Dataset content>
○ ○ ○ ○ ○

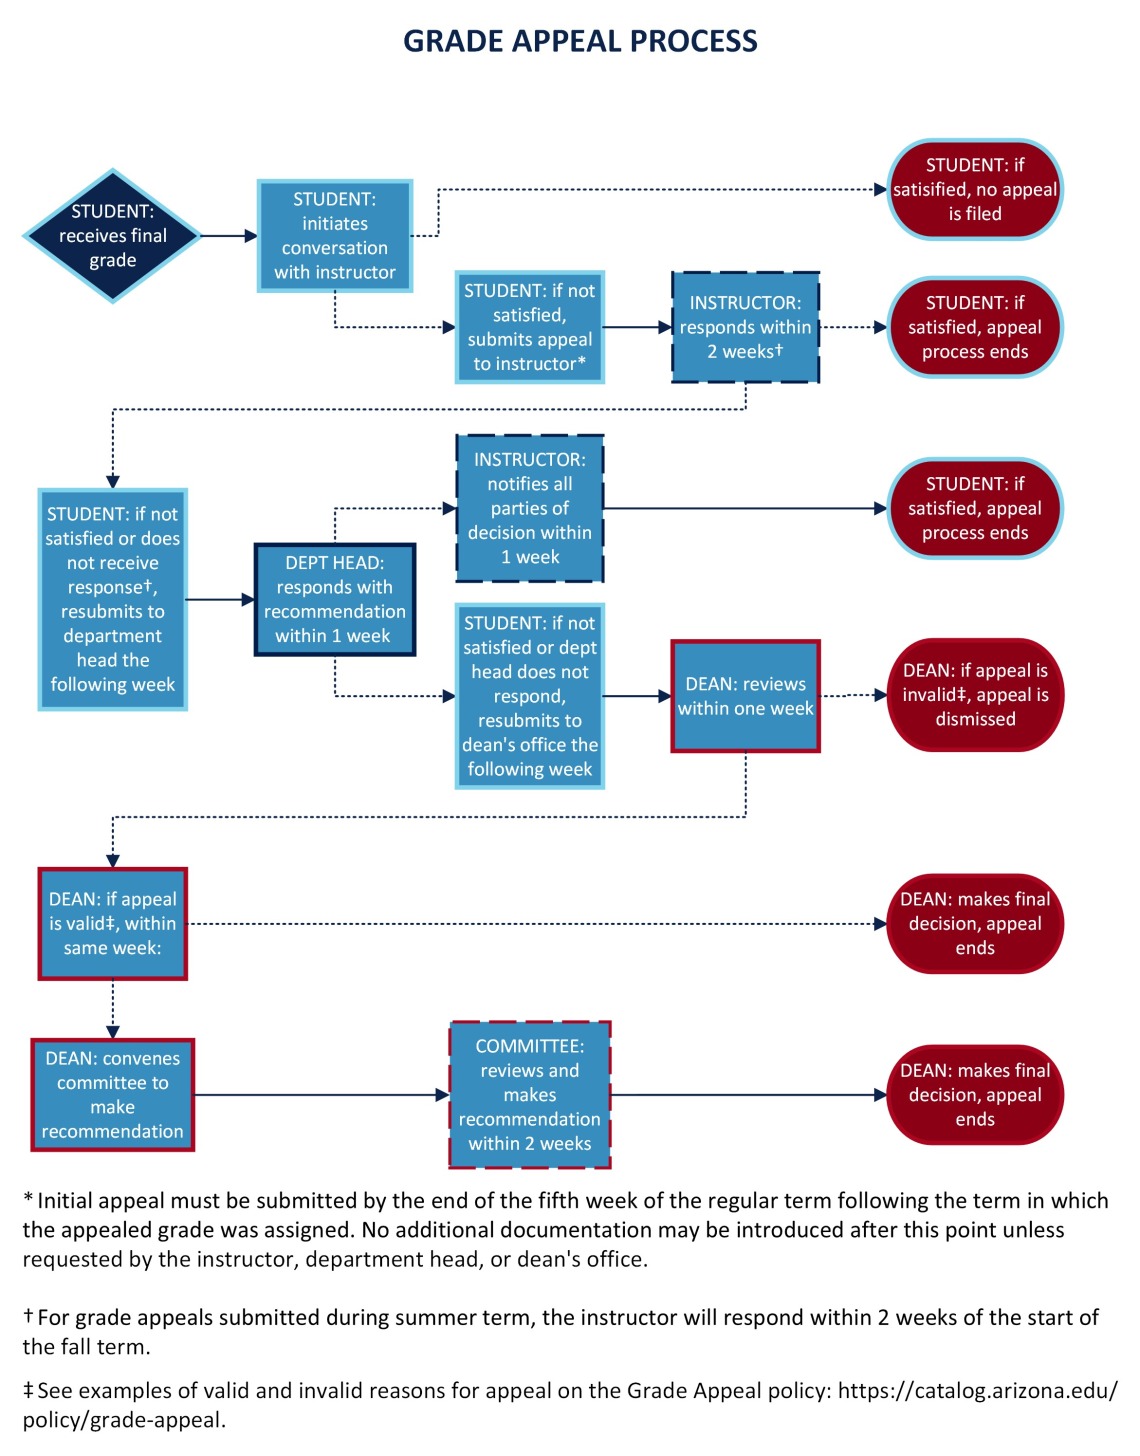 grade appeal flow chart - same steps as listed on page
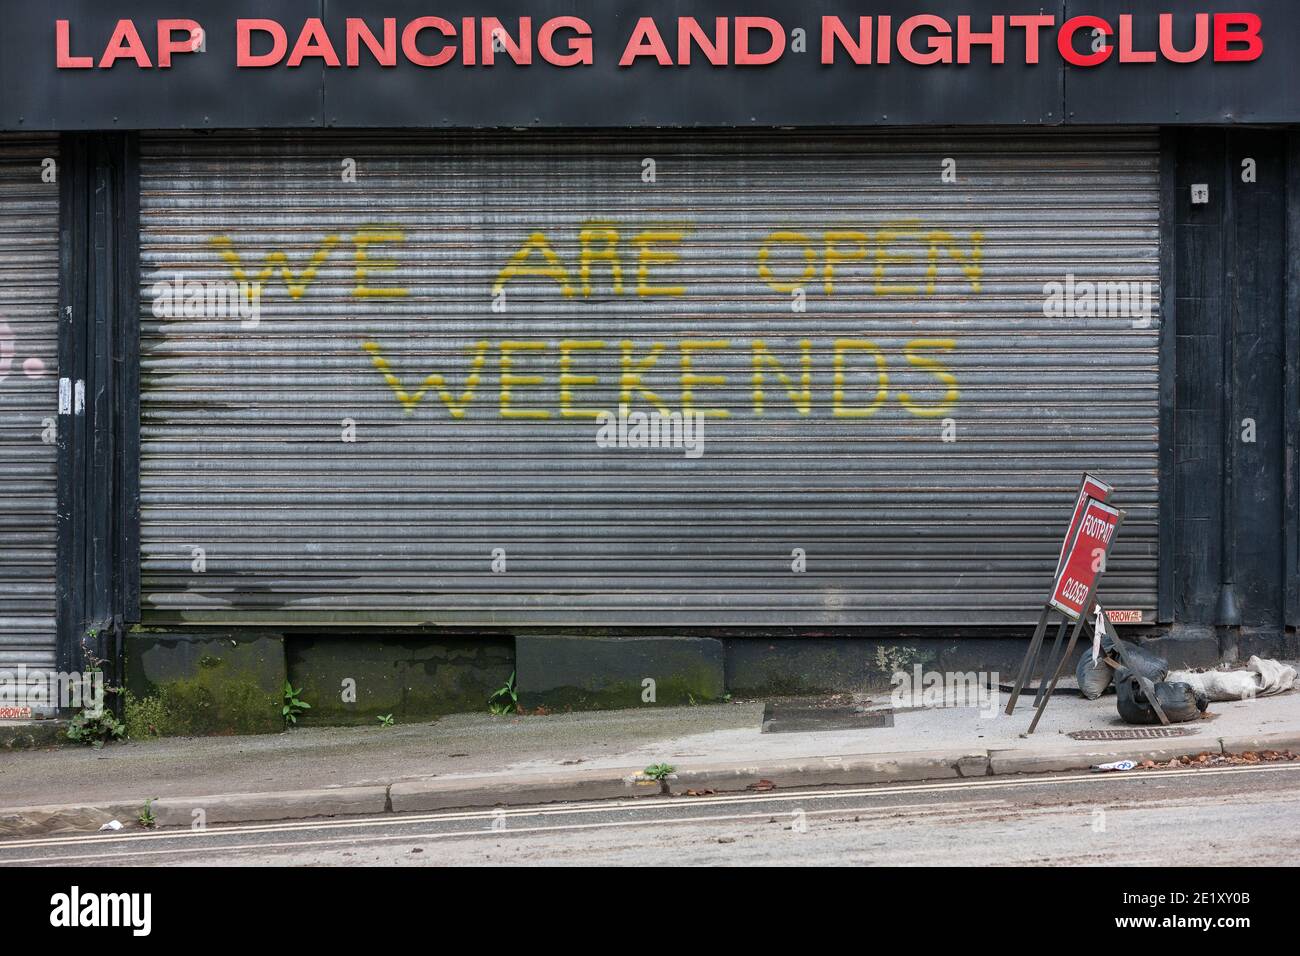 Bolton, UK - September 24 2020: A shuttered lap dancing club in Bolton. The infection rate in Bolton is still over 200 per 100,000 despite two weeks of additional local lockdown measures. Stock Photo
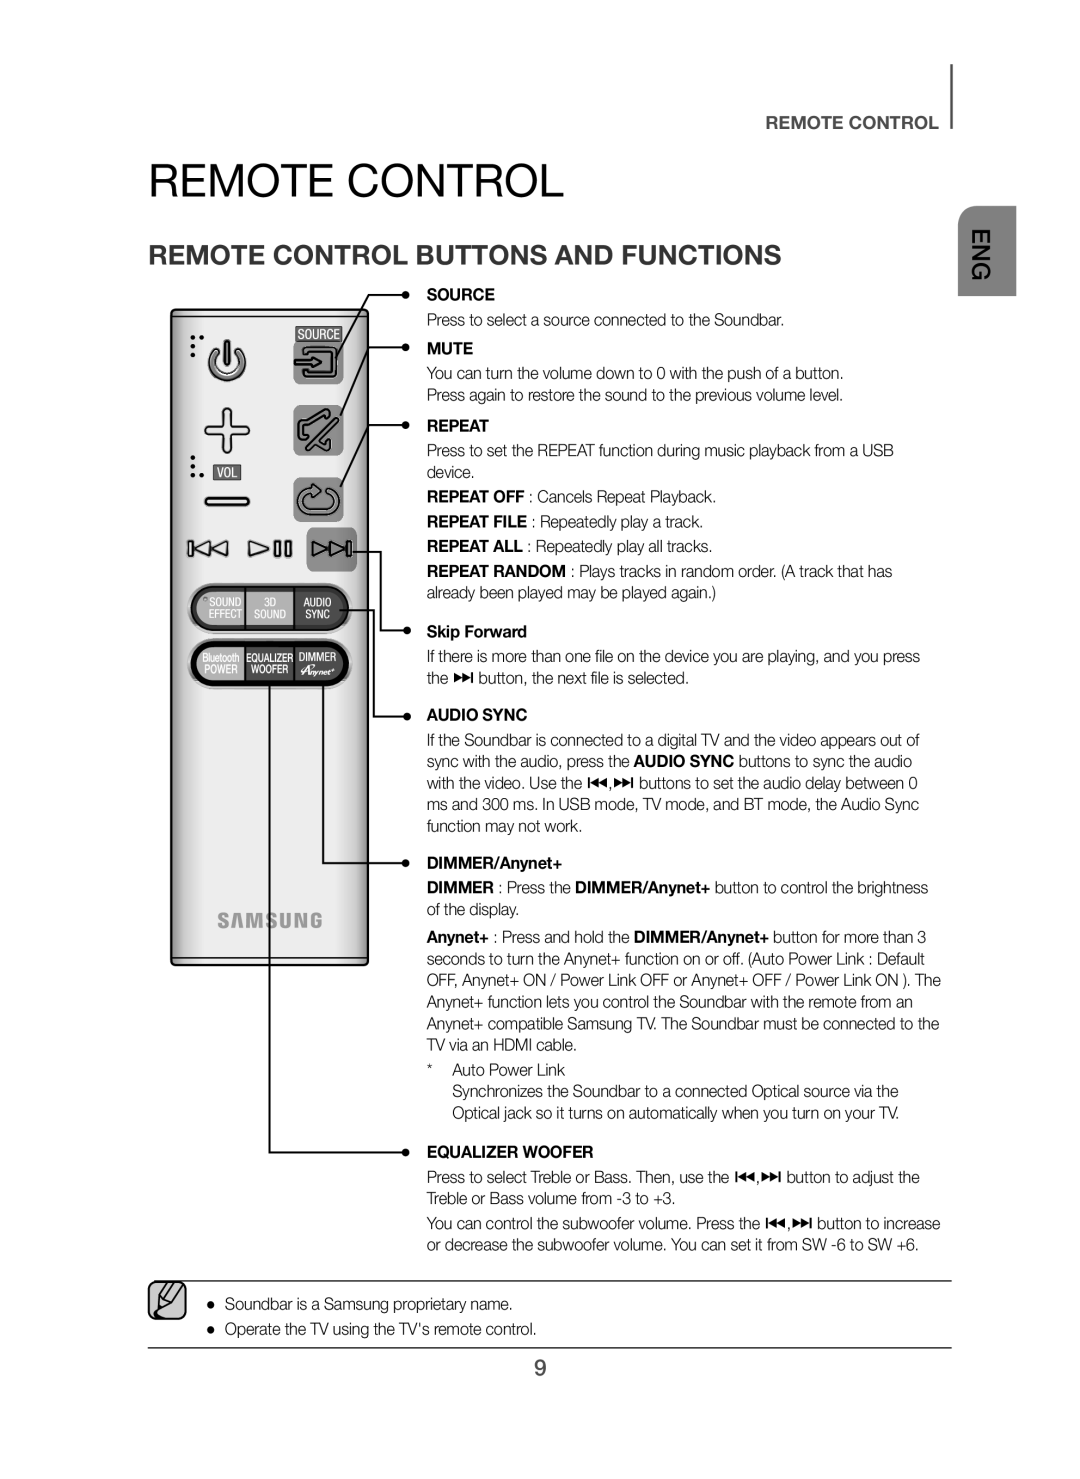 Samsung HW-H450/XE, HW-H450/TK, HW-H450/EN manual Remote Control Buttons and Functions, Skip Forward, DIMMER/Anynet+ 
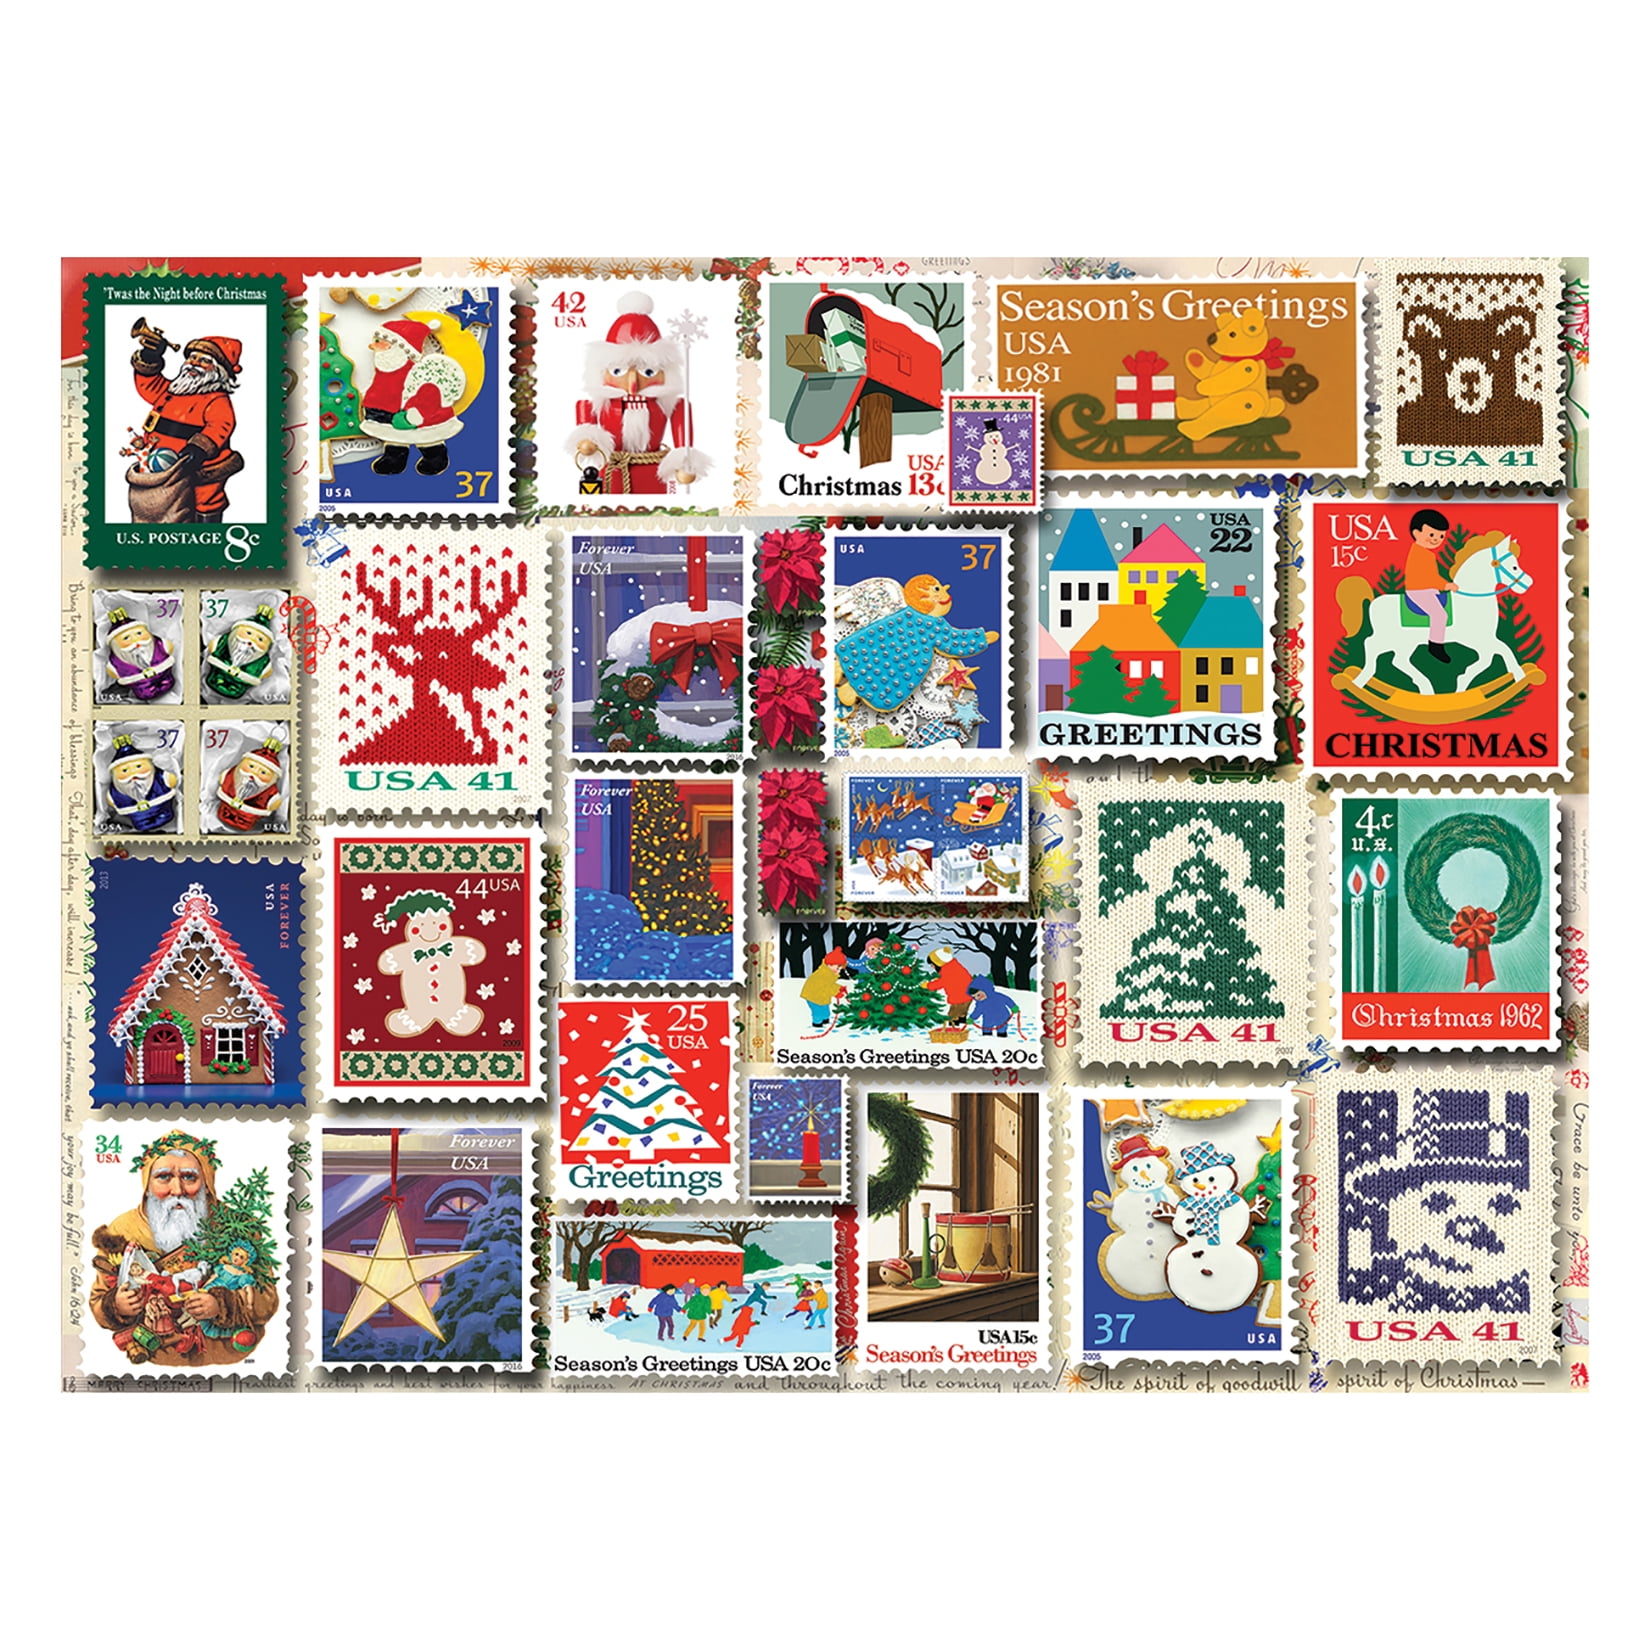 1997 USPS STAMPS Holiday Traditions Hallmark Ensemble 500 Pcs Jigsaw Puzzle for sale online

○ ○ ○ ○ ○

What is expected> Would you reproduce the listing above in full and exactly, without its pictures?

Response>
 grade appeal flow chart - same steps as listed on page
 Bolton, UK - September 24 2020: A shuttered lap dancing club in Bolton. The infection rate in Bolton is still over 200 per 100,000 despite two weeks of additional local lockdown measures. Stock Photo
 Samsung HW-H450/XE, HW-H450/TK, HW-H450/EN manual Remote Control Buttons and Functions, Skip Forward, DIMMER/Anynet+ 
 1997 USPS STAMPS Holiday Traditions Hallmark Ensemble 500 Pcs Jigsaw Puzzle for sale online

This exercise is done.